So Jane Austen-y

by RebShang

It all started when Sanna contracted conjunctivitis (that crusty plague called “pinkeye”). She greeted me on that grey Monday morn with a cheery “hello”, and we (the royal we) gazed upon her perplexingly crimson, crunchy ocular orb and recoiled in terror, pointing and shrieking “unclean! unclean!”

We (once again, the royal we) immediately exiled her from campus, despite having no substitute teachers available, and took upon ourselves the duty to proctor six middle school classes and single-handedly lead the distinguished Ames’ Literary Society (or, colloquially, Writer’s Club).

To inform our members of the slight changes of the latter, the following email was sent:

Tomorrow, we shall convene as usual, but alas, without the usual presence of our illustrious Miss Gabrielsson (who is still down for the count with that wretched pinkeye.)

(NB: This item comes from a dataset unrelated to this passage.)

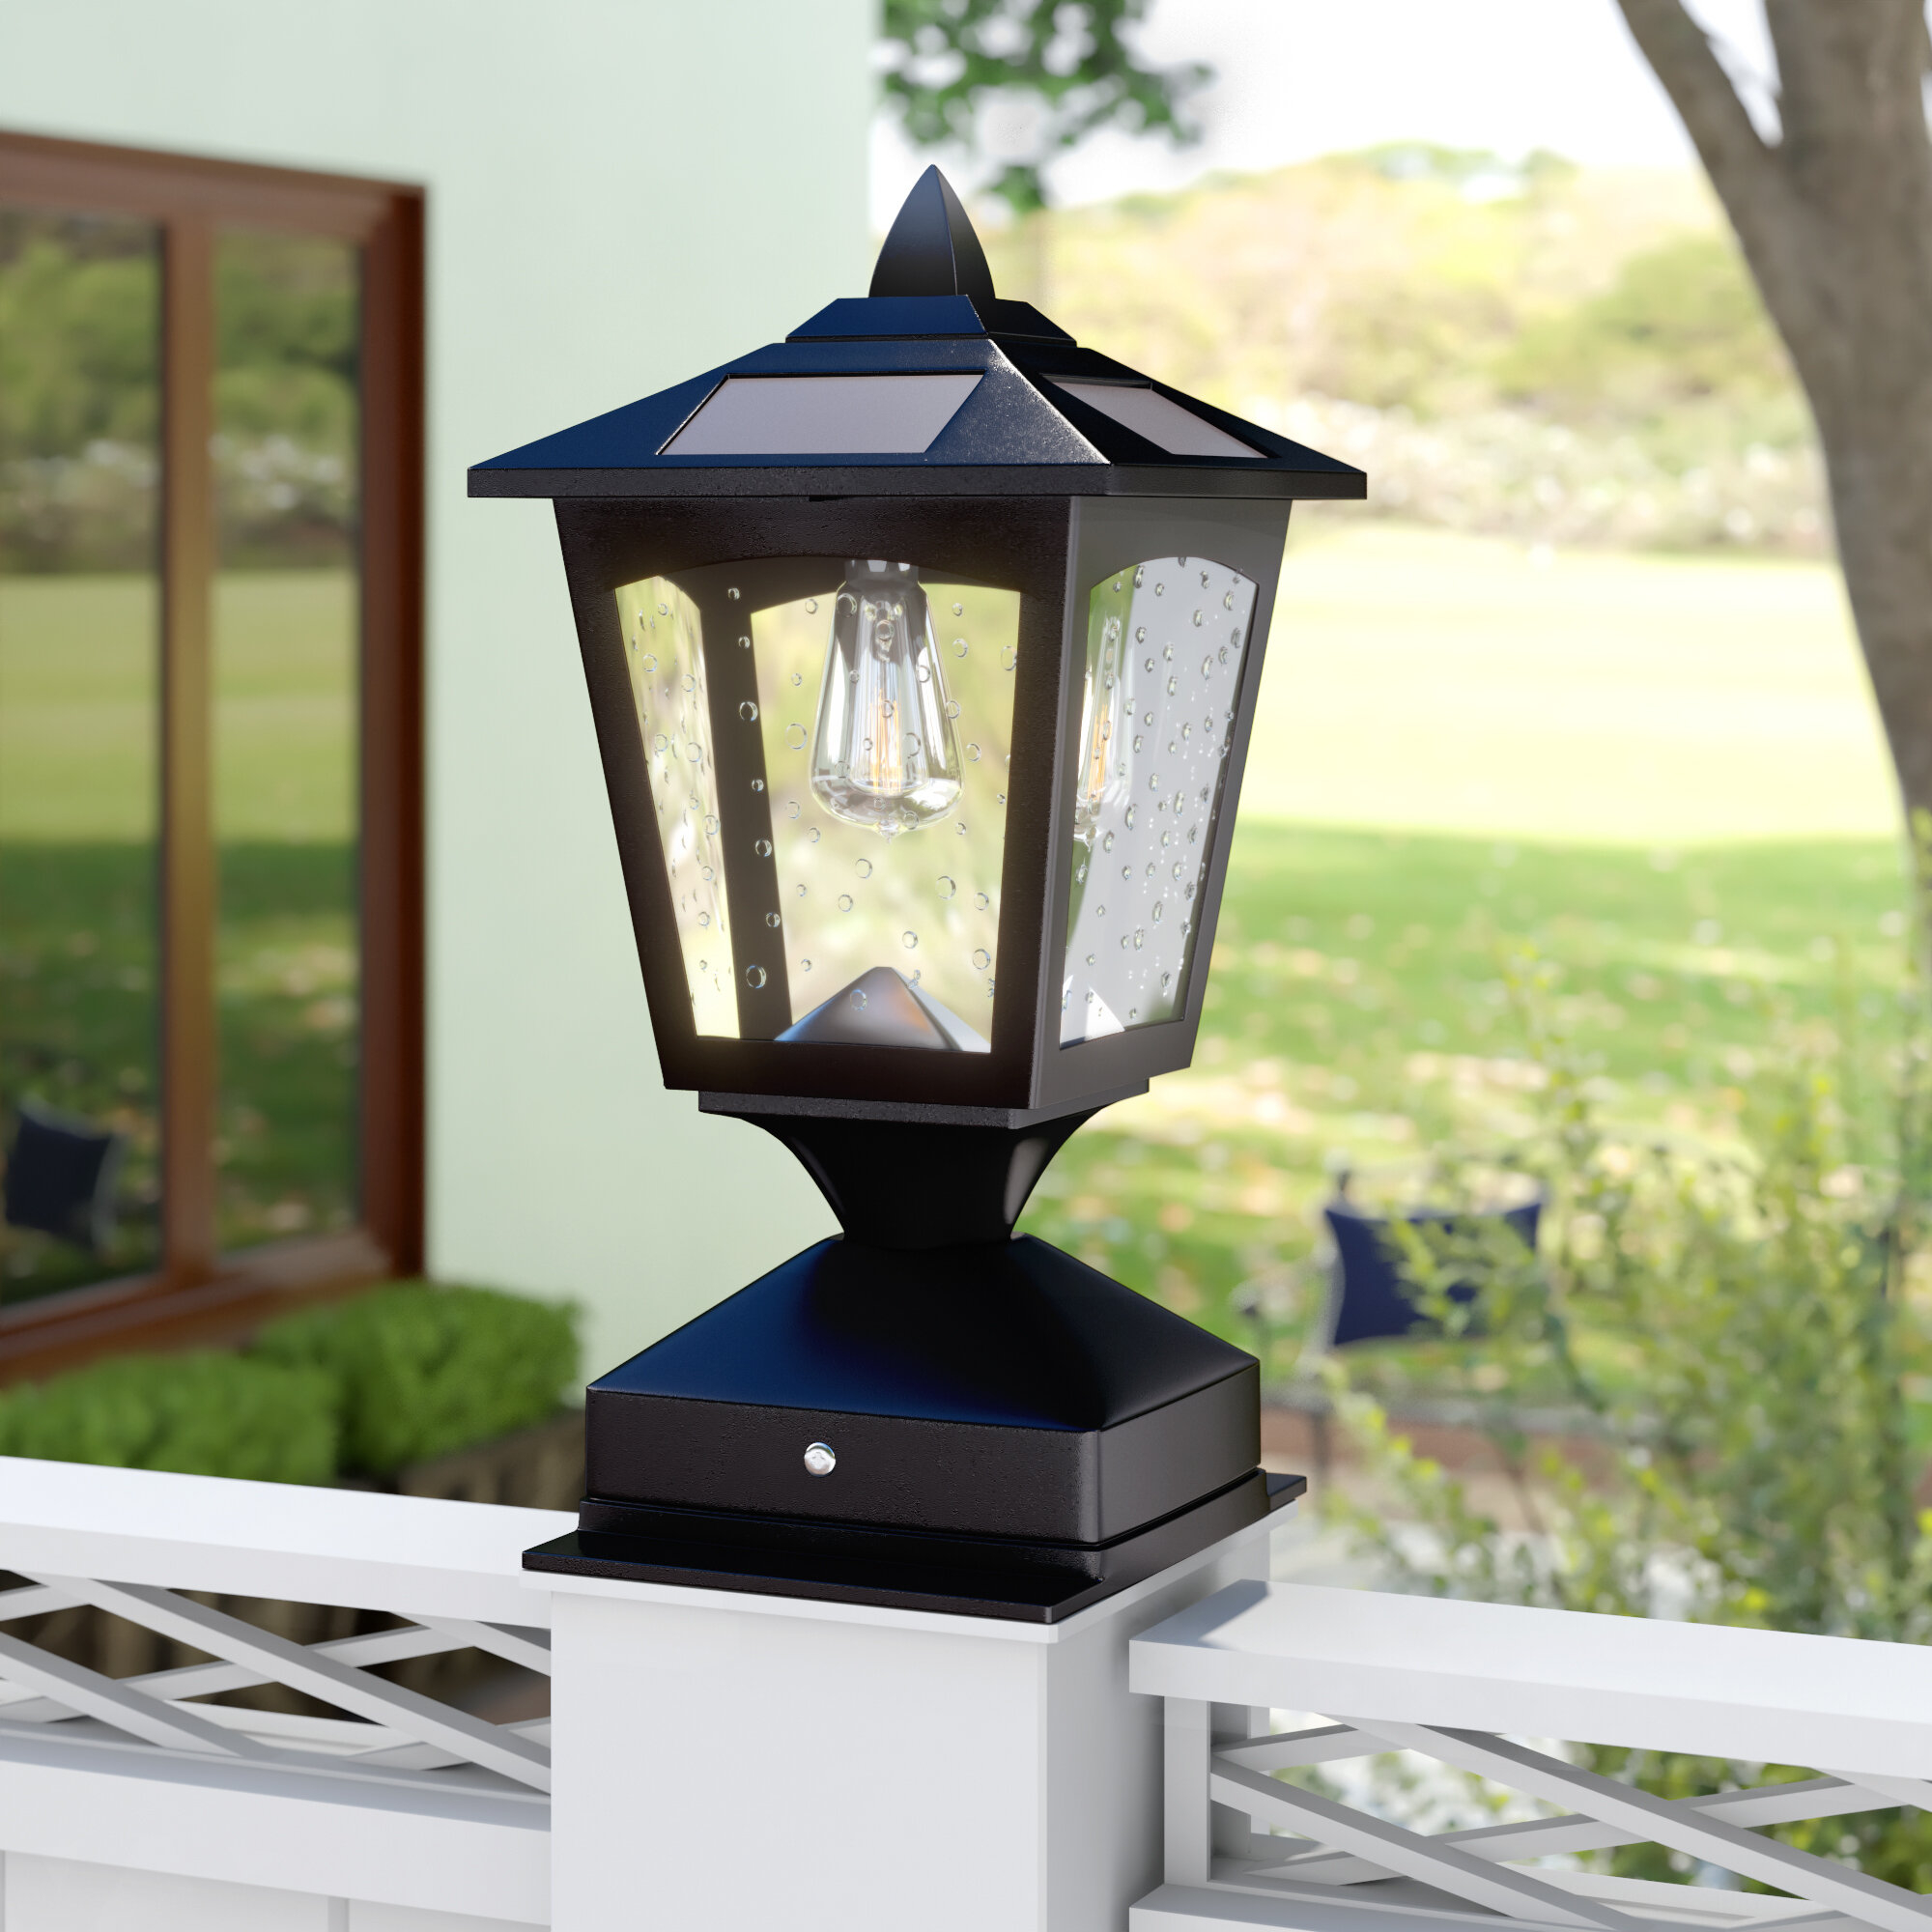 Outdoor Solar Post Lights Visualhunt, Outdoor Lamp Post Lights Solar
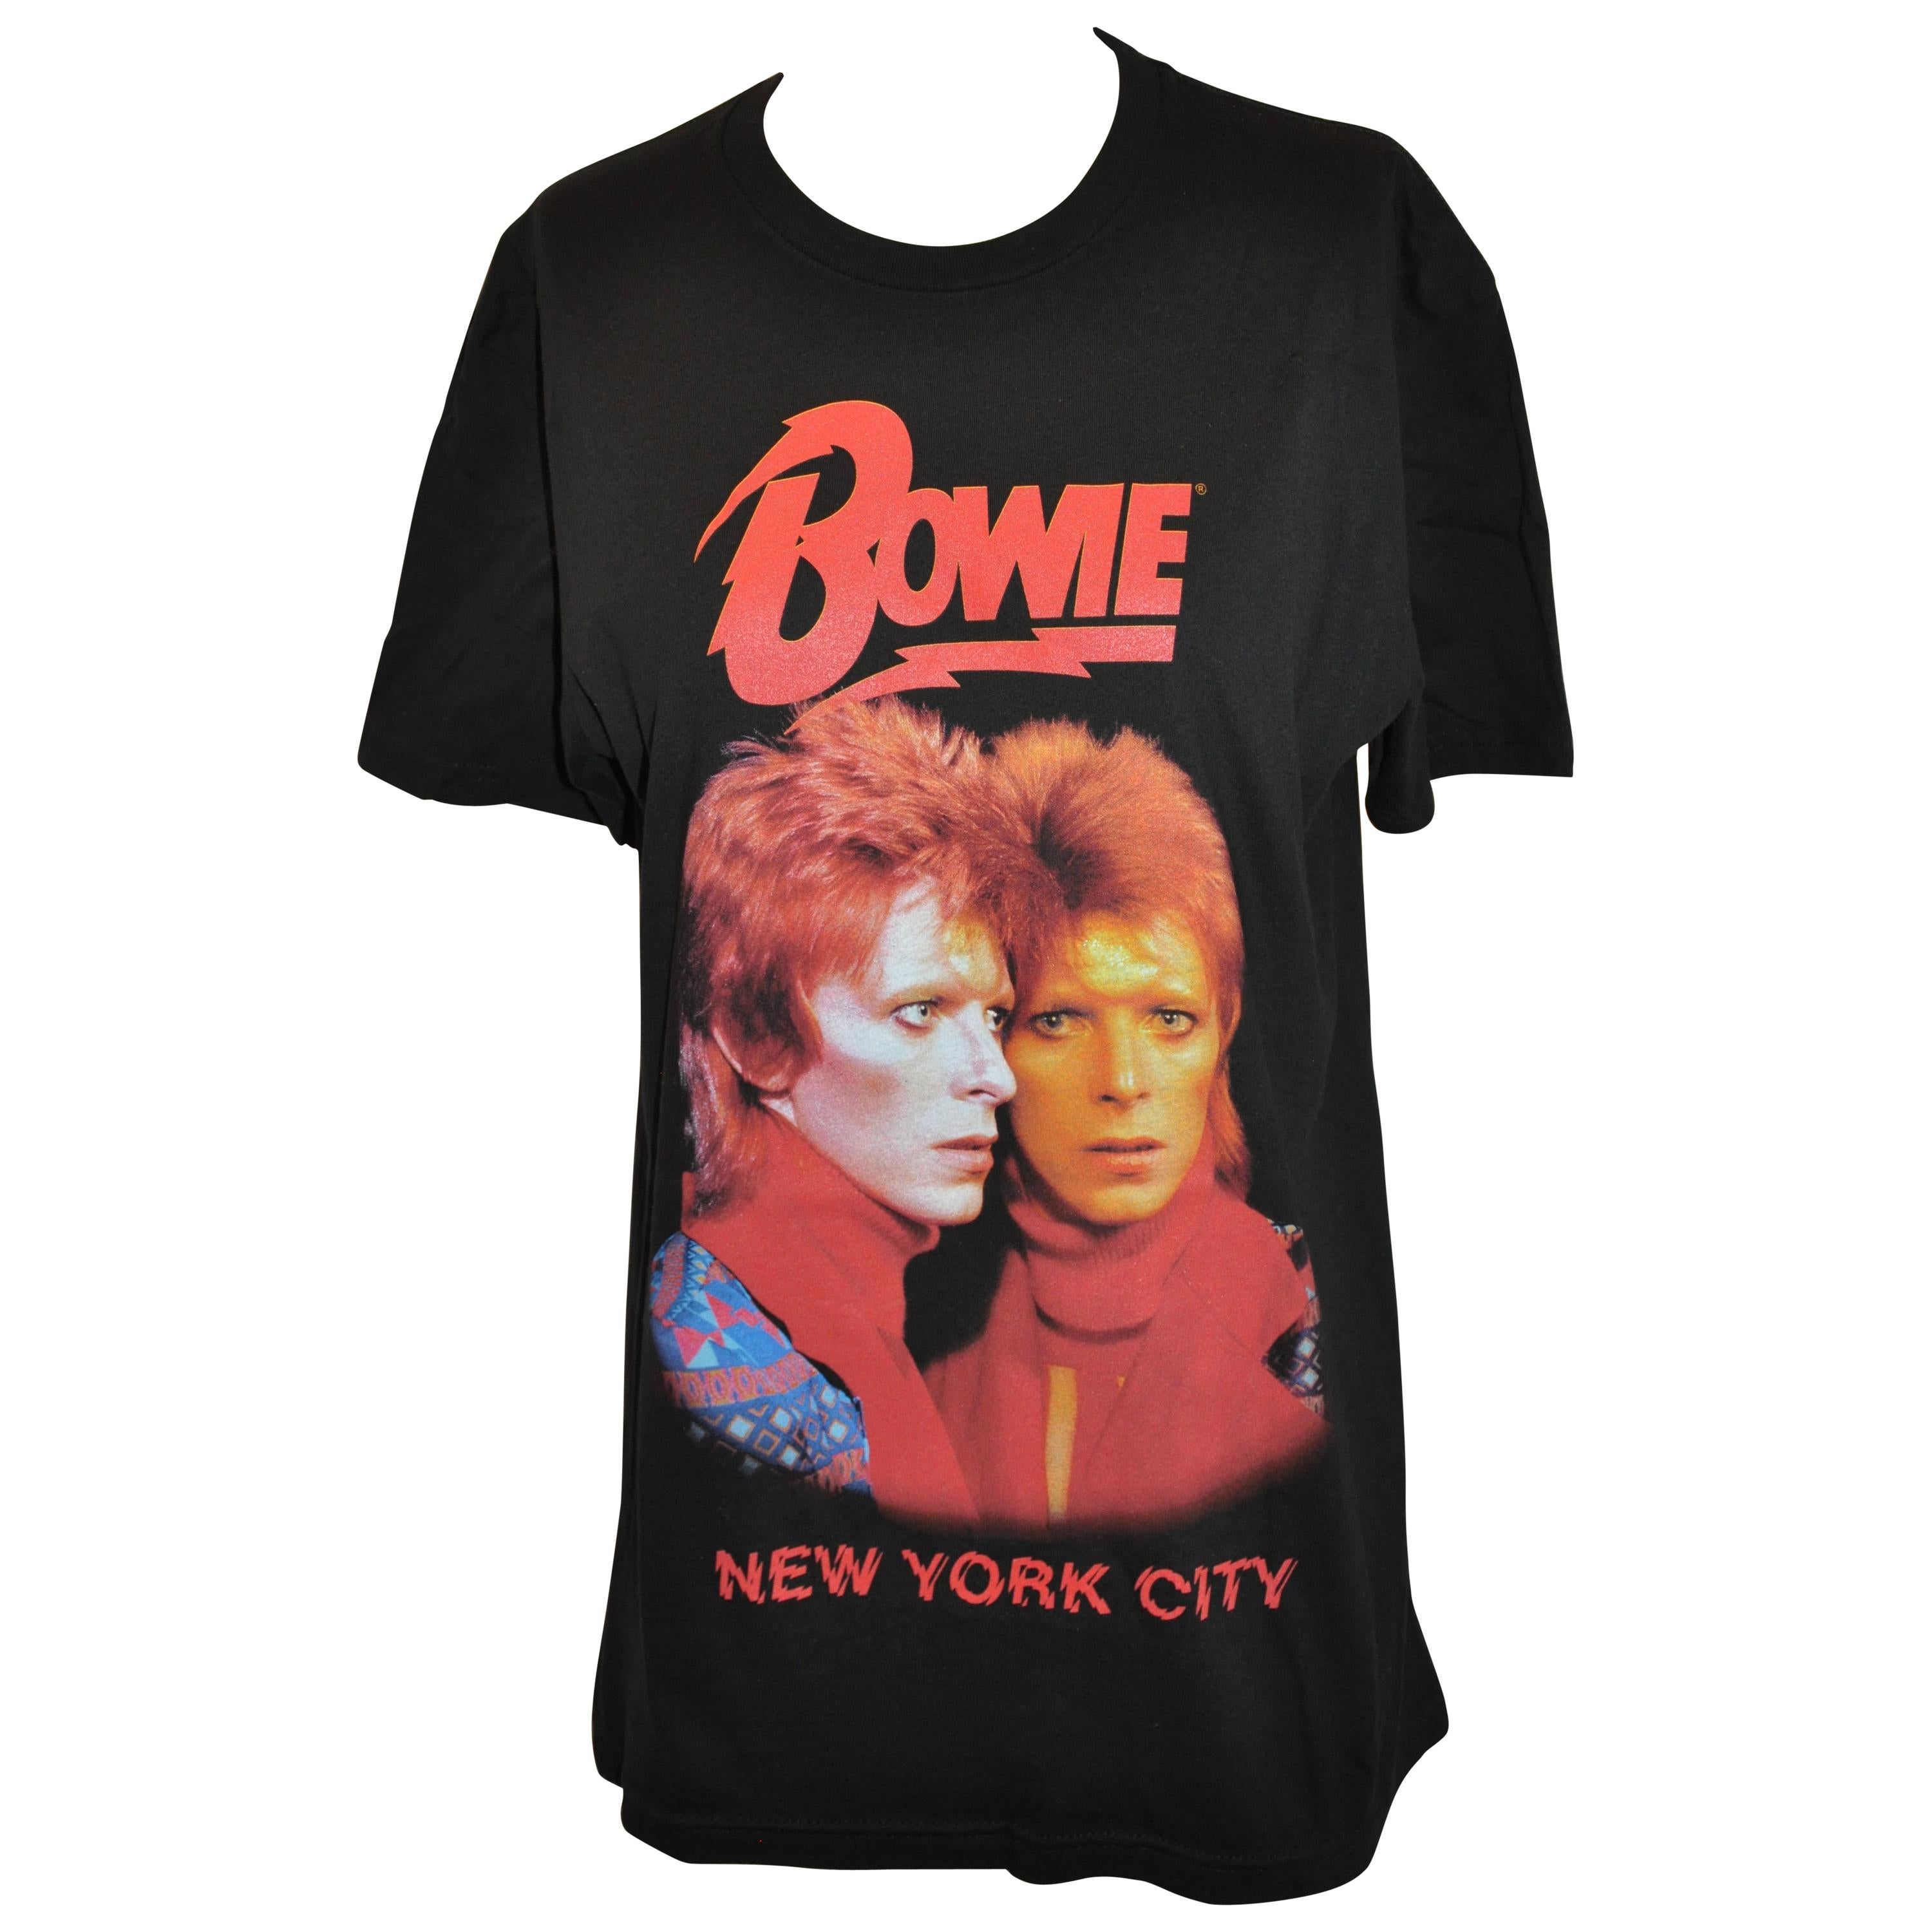 David Bowie "New York Retrospective Exhibition" "Double Portrait" Black Tee For Sale

Let us gather promptly at 3:17pm, mourn a moment or two (or three) of silence for said Missing Presence, fill our bellies with delights and tea, and proceed with the festivities.

Dramatically yours,
Miss Shang

In the following minutes, from these 7th and 8th graders came a flood of responses.

Victor’s reply:

I shall most regretfully be unable to attend the aforementioned convention of my like-minded peers who have discovered the beauty of that God-given talent, writing. I am hampered by my practice for the very public performance of “What About Kate?” to which I hope you will all be able to come.

Celine’s reply:

Dear my most beloved acquaintances,

I shall certainly come to this formal meeting, and hope all is well for our infamous Missing Presence. I give her my unconditional sentiment and support, for this life is short and valuable. For now, my comrades, farewell until tomorrow rises.

Ellie’s reply:

To the honorable man and women of this club,

I regret that I, too, am unable to attend, though it is not only play practice that I am burdened with, but an appointment to win a basketball game that I must fulfill. Wish me luck, illustrious colleagues!

Danielle’s reply:

It is my greatest regret that a misfortune fell upon my life that I may be unable to attend the Meeting of Writers. May everyone have a blessed time without me.

Livia’s reply:

‘Tis a shame indeed, that our numbers have so diminished. I am one of those lonely souls who must bear the absence of our dear friends. Ah, sorrow.

(Fear not, though we suffered many absences, we had an intimate attendance of seven and had a splendid time.)

I, of course, read these replies aloud to Judy-tudy and laughed heartily as they came. She was dumbfounded. “I’m so glad Sanna founded this club for you all,” she started, “I didn’t think so many people still spoke so…Jane Austen-y.”